Senior foreign attorney SungUk Park and senior attorneys Young Jay Ro and Young Man Huh of Kim & Chang summarise some of the recent amendments to the Financial Investment Services and Capital Markets Act (FSCMA).

Amendments were made to the FSCMA in 2013 whereby any entity that wished to become a general partner of a private equity fund (PEF) established after Aug. 29, 2014 is required to fulfill certain registration requirements. No such requirement had previously existed.

Most recently, on Sep. 2, 2014, certain proposed amendments to the FSCMA were resolved by the cabinet council as subsequent measures to implement the Plan to Reform the PEF Policies and M&A Invigoration Plan (which was announced by the Korean government on March 6, 2014 to promote the Korean M&A market, increase tax support for M&A transactions and relax restrictions on M&A transaction structures). The amendments are, in general, focused on easing certain restrictions on the formation and investment activities of Korean PEFs.

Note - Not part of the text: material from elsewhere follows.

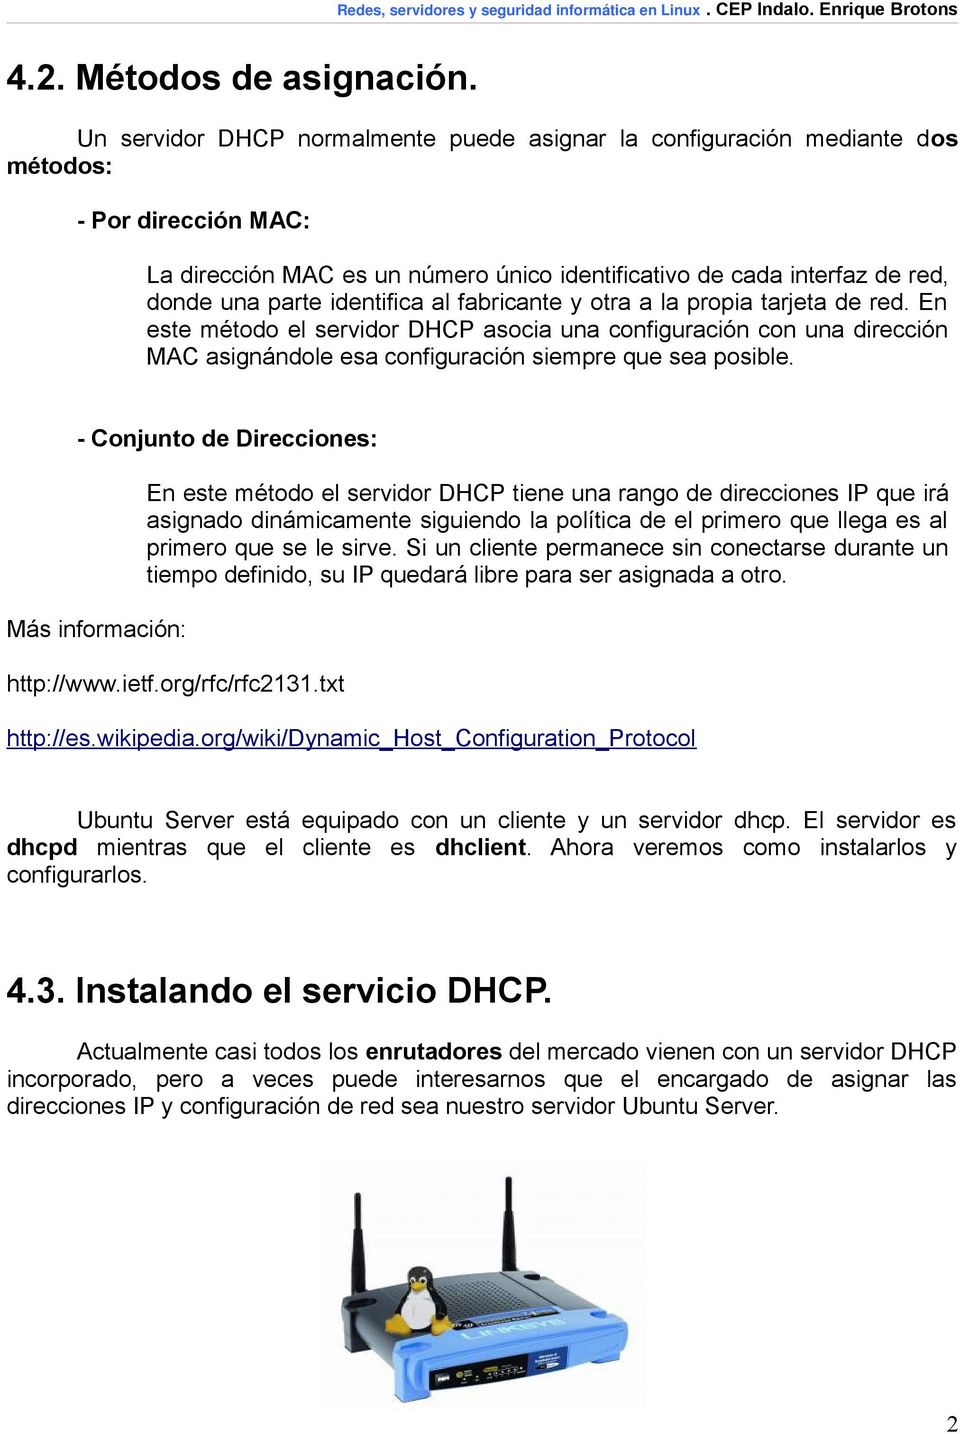 identifica al fabricante y otra a la propia tarjeta de red. En este método el servidor DHCP asocia una configuración con una dirección MAC asignándole esa configuración siempre que sea posible.

Some of the key amendments to the FSCMA are:

  • The current post-registration system, which required a PEF to register with the Financial Supervisory Service (FSS) within two weeks of its formation and does not allow a PEF to engage in any business until the completion of registration, will be changed to a post-formation reporting system. The post-formation reporting system requires a PEF to file a report with the FSS within two weeks of its formation, but allows a PEF to commence its business right after completion of its formation without waiting for completion of review on the report by the FSS.
  • PEFs are permitted to allocate up to 30 percent of their net assets in securities without any management participation purposes, thereby providing flexibility to PEFs’ interim management of uninvested funds.
  • The proposed amendments permit PEFs to manage their currency exchange risk with respect to their general assets by investing in currency exchange-related derivative products.
  • Currently, PEFs are allowed to use only a single layer of SPC in their investment into a target company. However, the proposed amendments permit PEFs to use multiple layers of SPCs in their investments.